Big data privacy preservation is one of the most disturbed issues in current industry. Sometimes the data privacy problems never identified when input data is published on cloud environment. Data privacy preservation in hadoop deals in hiding and publishing input dataset to the distributed environment. In this paper investigate the problem of big data anonymization for privacy preservation from the perspectives of scalability and time factor etc. At present, many cloud applications with big data anonymization faces the same kind of problems. For recovering this kind of problems, here introduced a data anonymization algorithm called Two Phase Top-Down Specialization (TPTDS) algorithm that is implemented in hadoop. For the data anonymization-45,222 records of adults information with 15 attribute values was taken as the input big data.

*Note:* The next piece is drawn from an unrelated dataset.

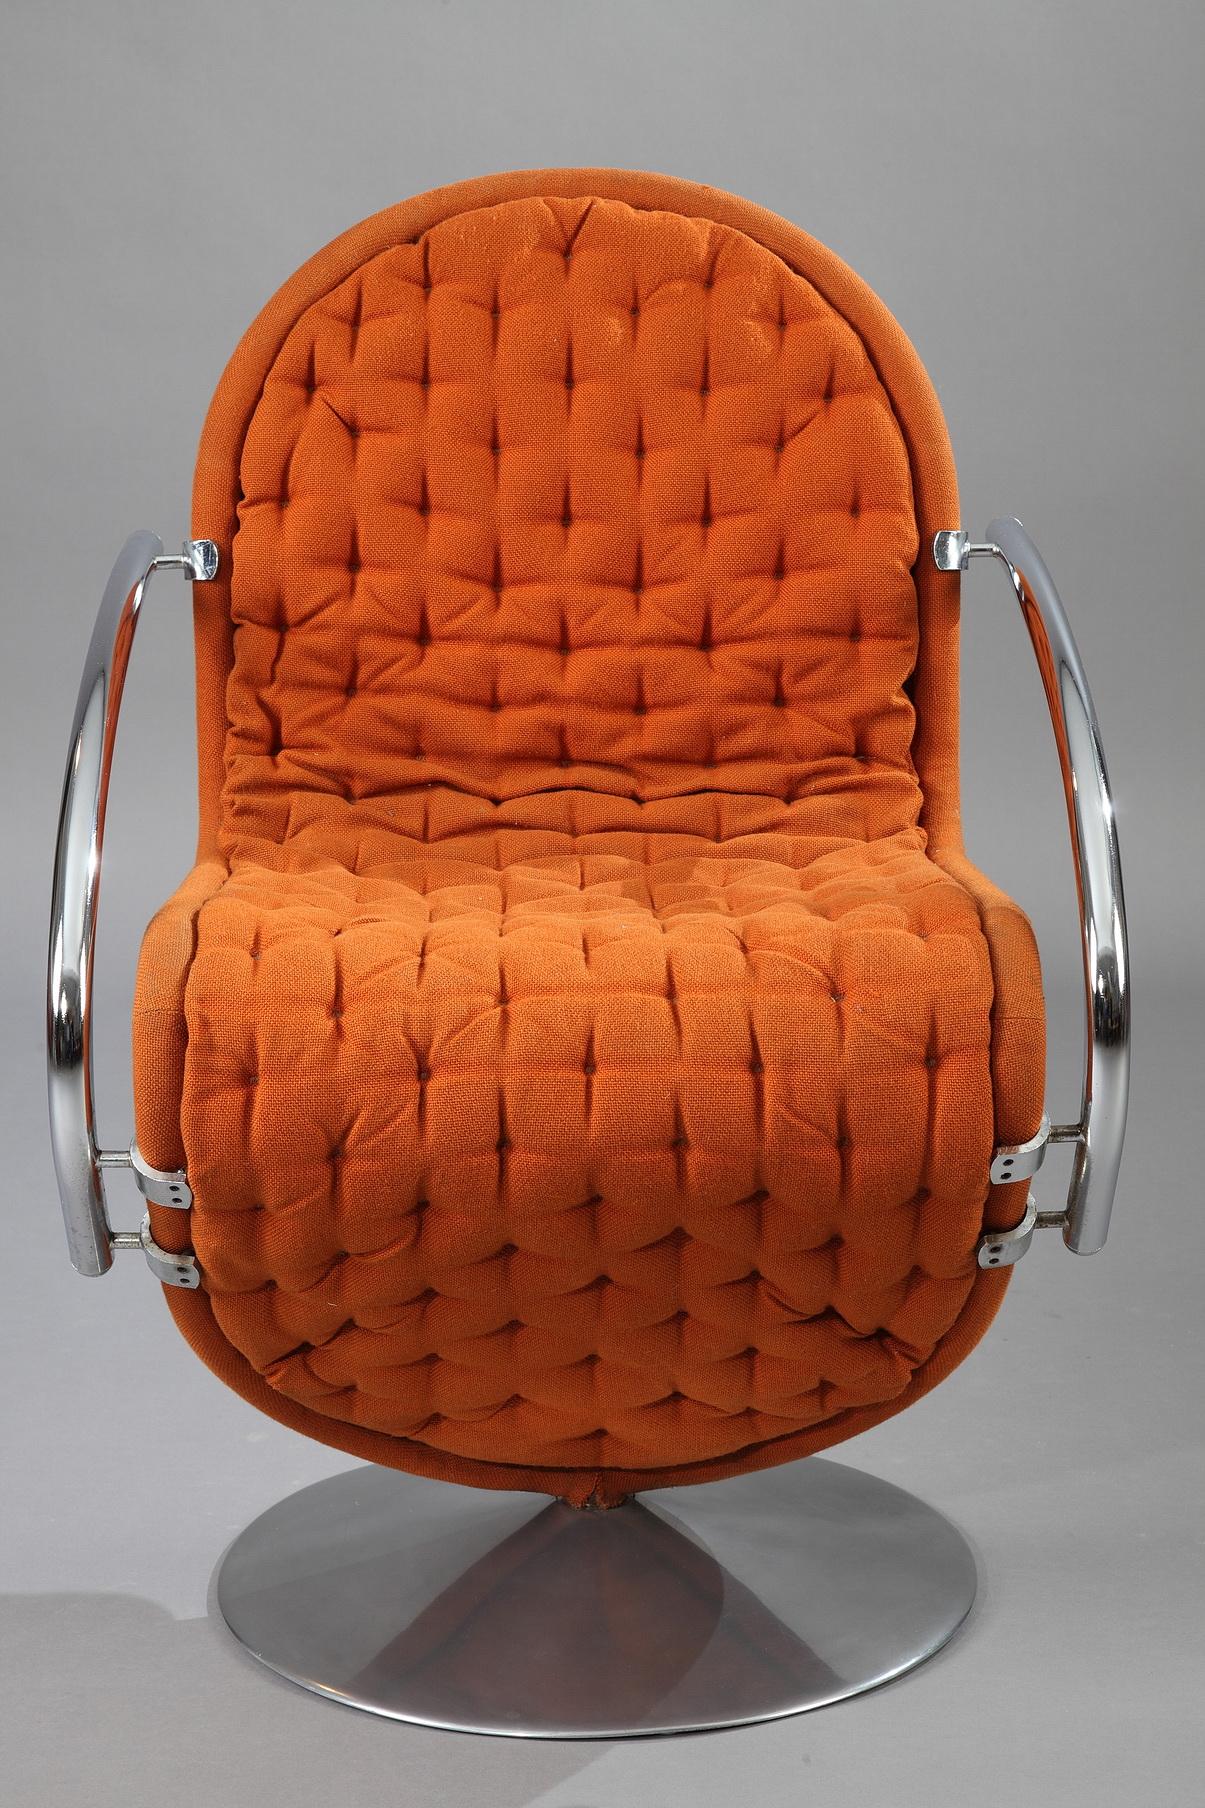 A swivel armchair from the 1-2-3 System series designed by Verner Panton. This armchair is button tufted in its original orange fabric. It rotates on a round polished aluminum base. We have 3 other chairs available. Small repair on one armchair.

With the help of multidimensional anonymization in map reduce framework, here implemented proposed Two-Phase Top-Down Specialization anonymization algorithm in hadoop and it will increases the efficiency on the big data processing system. By conducting experiment in both one dimensional and multidimensional map reduce framework with Two Phase Top-Down Specialization algorithm on hadoop, the better result shown in multidimensional anonymization on input adult dataset. Data sets is generalized in a top-down manner and the better result was shown in multidimensional map reduce framework by the better IGPL values generated by the algorithm. The anonymization was performed with specialization operation on taxonomy tree. The experiment shows that the solutions improves the IGPL values, anonymity parameter and decreases the execution time of big data privacy preservation by compared to the existing algorithm. This experimental result will leads to great application to the distributed environment.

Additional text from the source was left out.